El revés sufrido en La Coruña tuvo decisivas consecuencias en el posterior transcurso de la expedición. A la pérdida de dos barcos, cuatro capitanes y centenares de soldados se sumó la desmoralización de las tropas, ejemplificada en la deserción de otra media docena de filibotes con 2.000 hombres a bordo; asimismo, una epidemia -atribuída a las orgías cometidas en las bodegas gallegas y al contacto con ropas infectas, rezagos de la expedición de Medina Sidonia- comenzó a diezmar a las tropas británicas; por último, las dos semanas desperdiciadas en La Coruña echaron a perder el factor sorpresa y brindaron un valioso tiempo de preparación a las guarniciones de Portugal y Cantabria.
Descartado definitivamente el ataque a Santander (Drake y Norris recurrirían nuevamente a la excusa de los vientos adversos), la flota inglesa se dirigió a Lisboa. Si bien se consideró la temeraria idea de remontar el Tajo y desembarcar en las inmediaciones de la ciudad, finalmente el 26 de mayo las tropas inglesas fueron depositadas en Peniche, más de 70 kilómetros al norte de su objetivo.
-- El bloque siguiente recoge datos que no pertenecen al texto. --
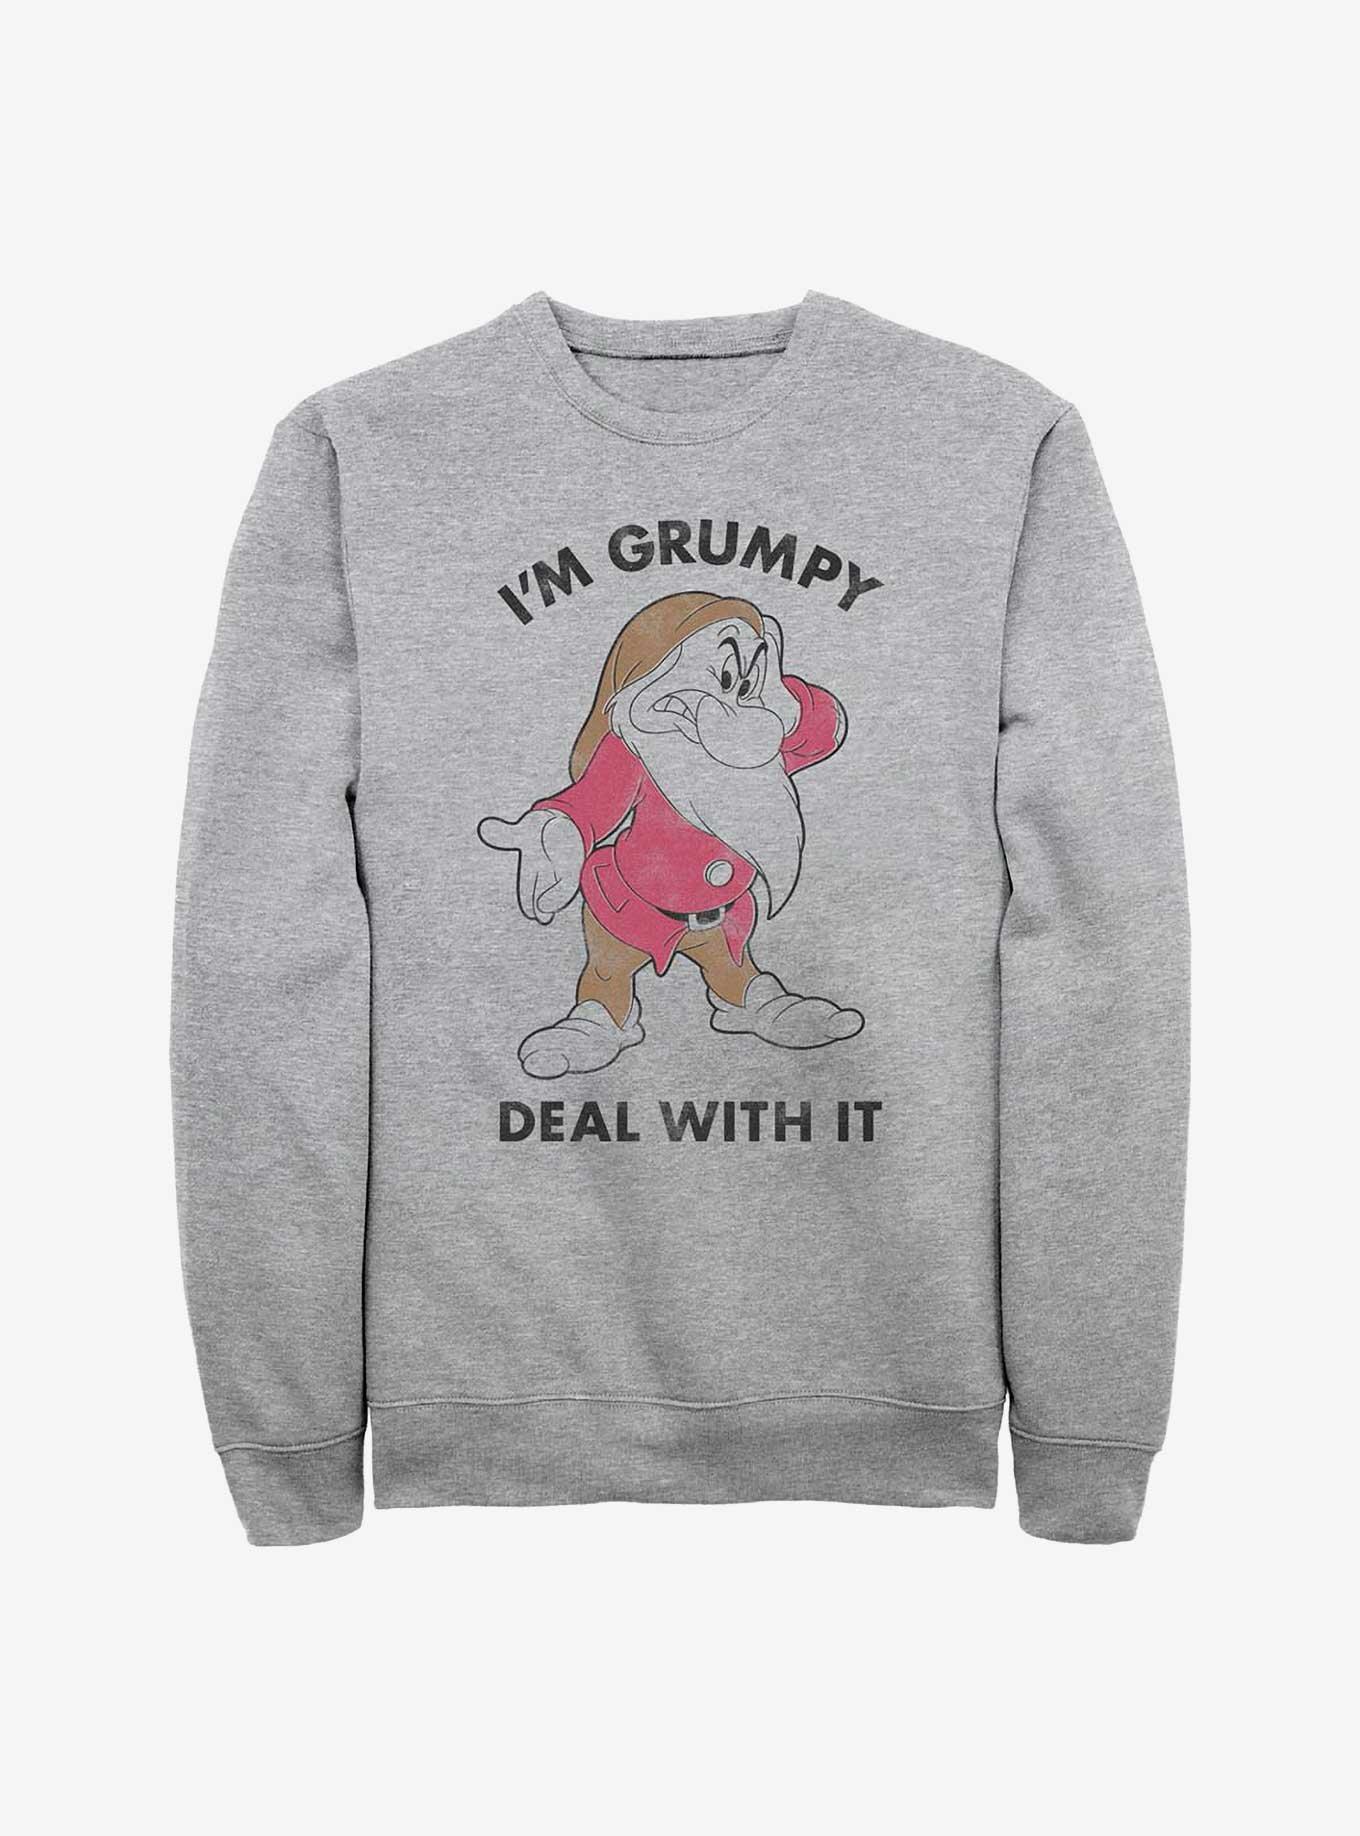 Disney Snow White and the Seven Dwarfs Deal With It Sweatshirt

Tal decisión resulta tan incomprensible para los estudiosos contemporáneos como la pasividad demostrada por Drake -otrora famoso por su arrojo- en esta campaña: si bien los invasores lograrían capturar el castillo local (el comandante portugués se rindió sin oponer resistencia), se verían ahora obligados a emprender una ardua marcha sin contar prácticamente con animales de carga.
El 28 de mayo Norris y sus tropas se pusieron en camino, mientras que Drake prometía dirigirse con la flota al estuario del Tajo. En su avance hacia Lisboa los británicos fueron acosados por las escaramuzas de las fuerzas ibéricas, las elevadas temperaturas, la escasez de provisiones y las enfermedades: al mismo tiempo, y contrariamente a lo prometido por Don Antonio de Crato, el apoyo popular a la invasión reveló ser tan magro que apenas se logró sumar 200 voluntarios portugueses (calificados por un oficial inglés como “los cobardes más grandes que he visto en mi vida”).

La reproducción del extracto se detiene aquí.